**WORK REQUIRED**
Pictures aside, print all of the data below exactly as written.

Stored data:
Content starts

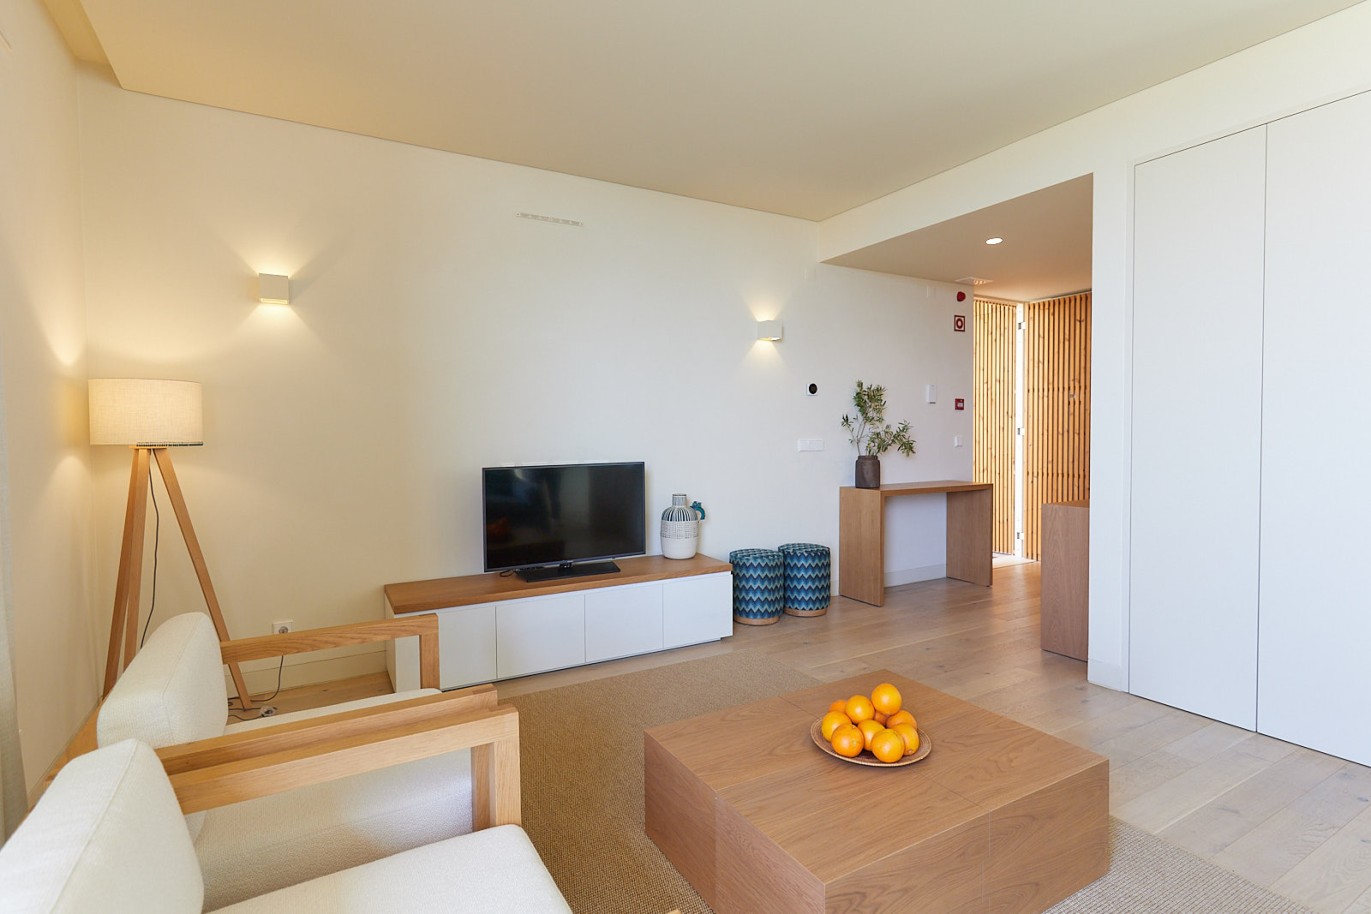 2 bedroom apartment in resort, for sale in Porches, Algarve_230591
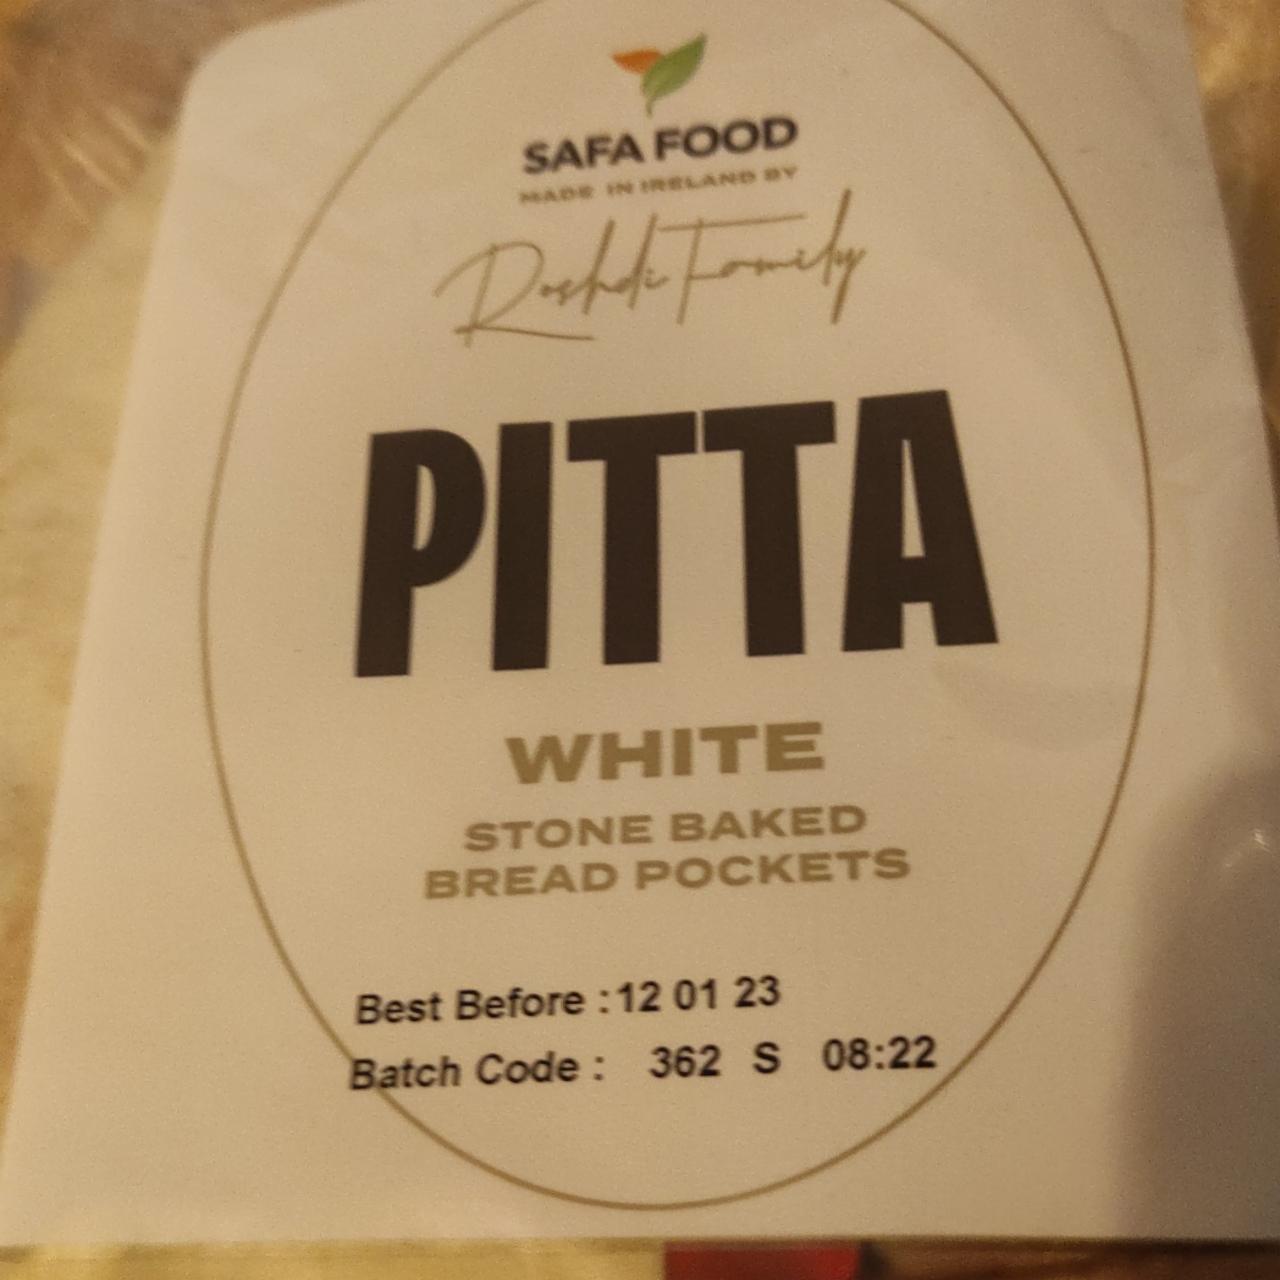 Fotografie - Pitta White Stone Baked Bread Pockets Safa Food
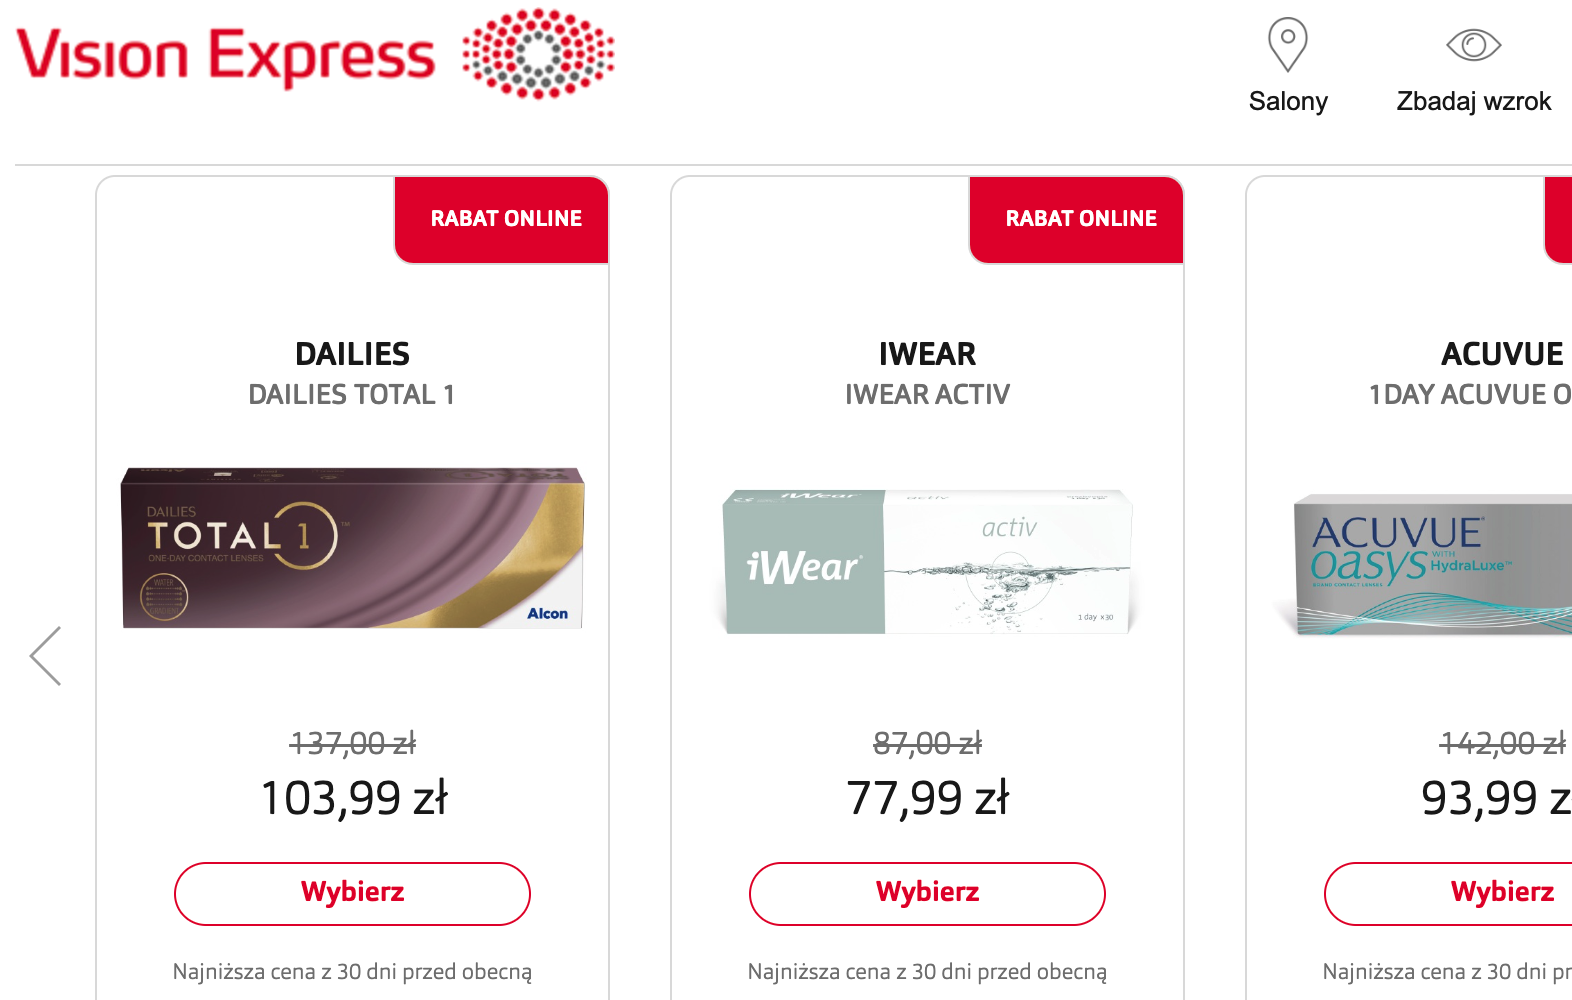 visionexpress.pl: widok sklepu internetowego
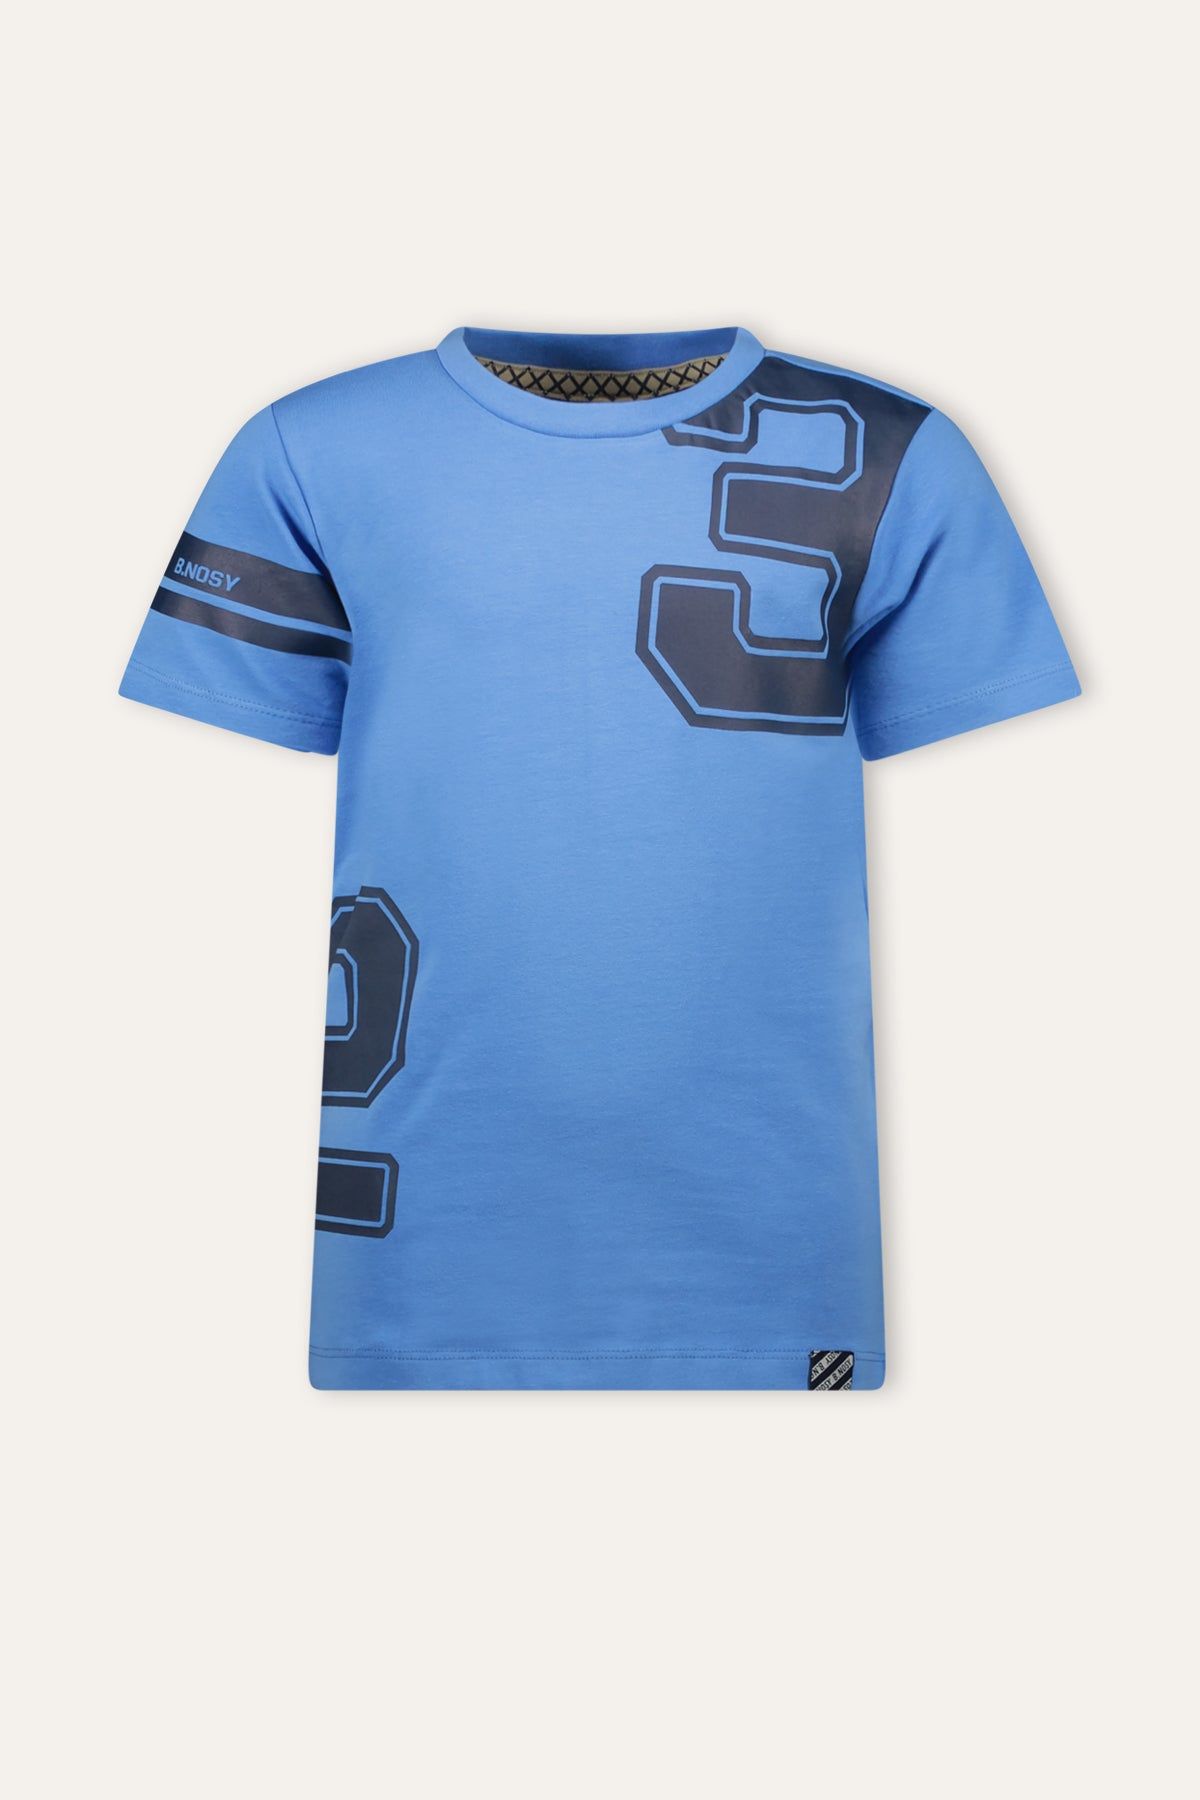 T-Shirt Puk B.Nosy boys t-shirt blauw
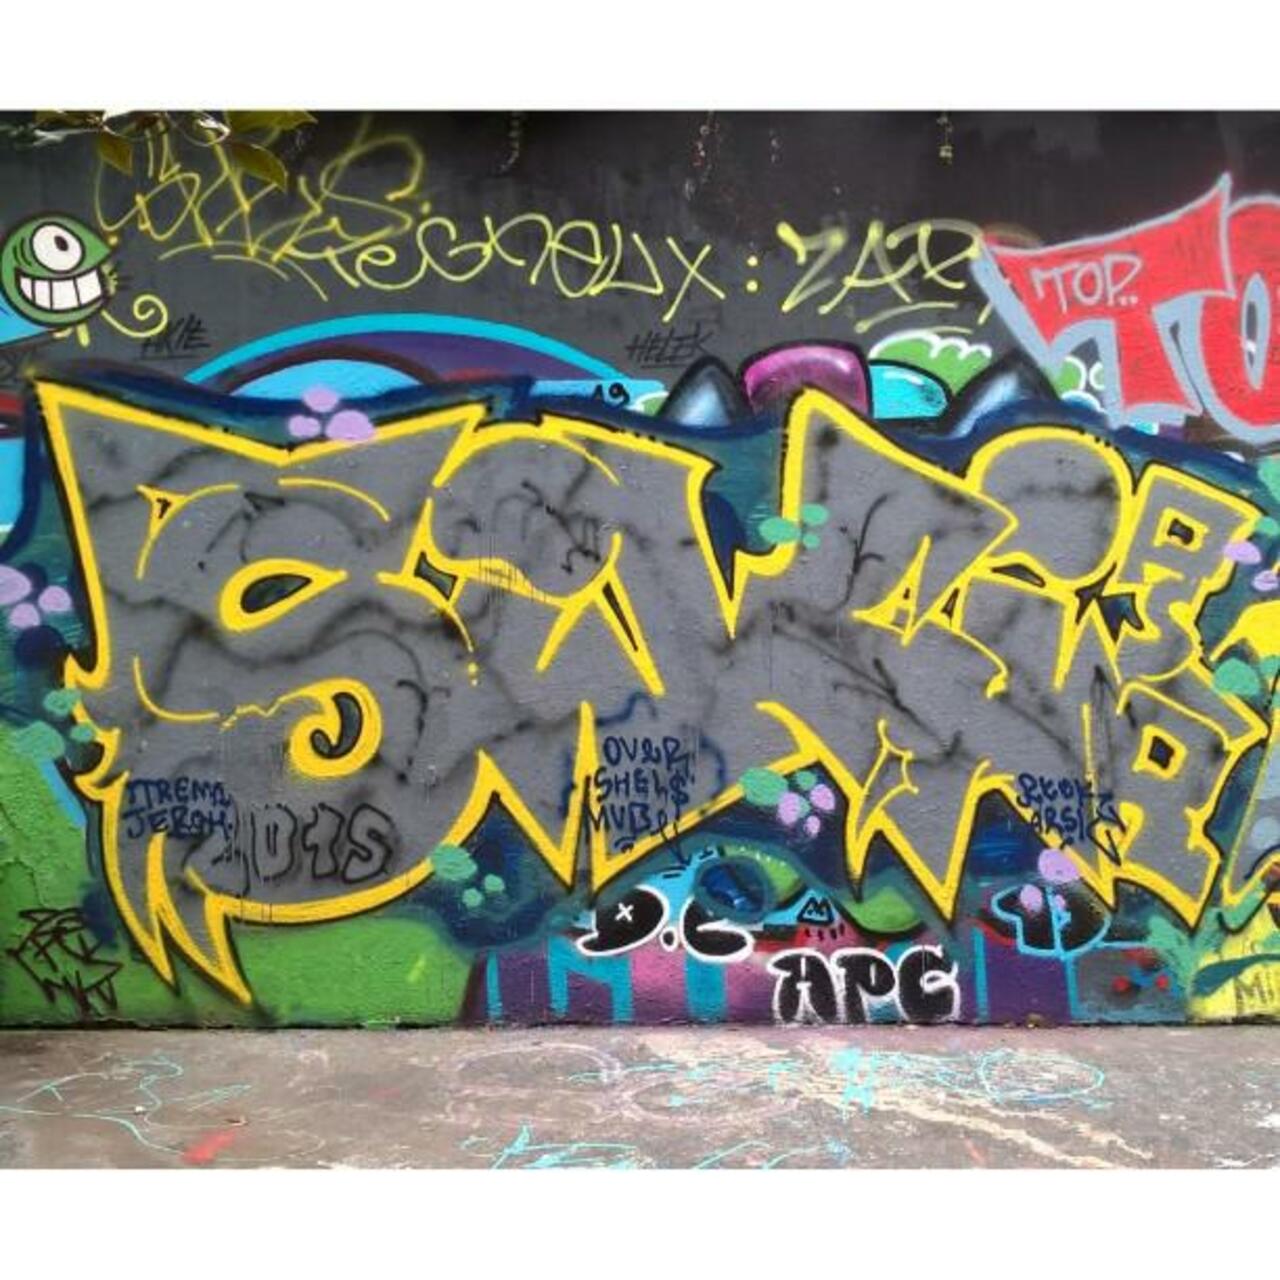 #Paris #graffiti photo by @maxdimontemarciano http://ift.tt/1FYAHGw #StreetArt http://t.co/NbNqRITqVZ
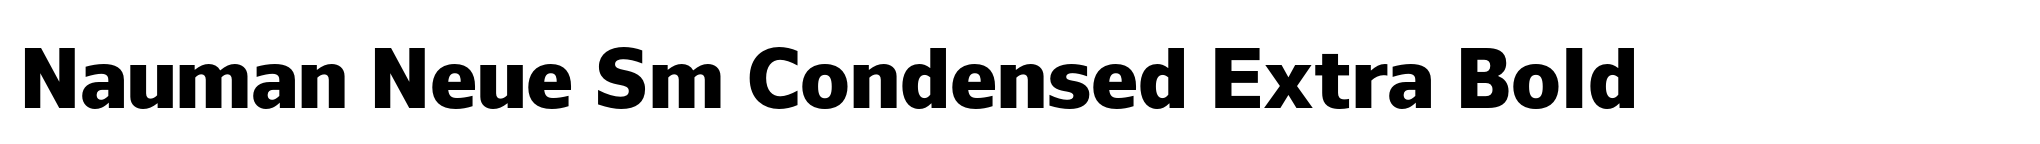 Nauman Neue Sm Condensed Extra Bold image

Content ends

**SOLVED EXERCISE**
 2 bedroom apartment in resort, for sale in Porches, Algarve_230591
 Fotografie - Pitta White Stone Baked Bread Pockets Safa Food
 visionexpress.pl: widok sklepu internetowego
 T-Shirt Puk B.Nosy boys t-shirt blauw
 #Paris #graffiti photo by @maxdimontemarciano http://ift.tt/1FYAHGw #StreetArt http://t.co/NbNqRITqVZ
 Nauman Neue Sm Condensed Extra Bold image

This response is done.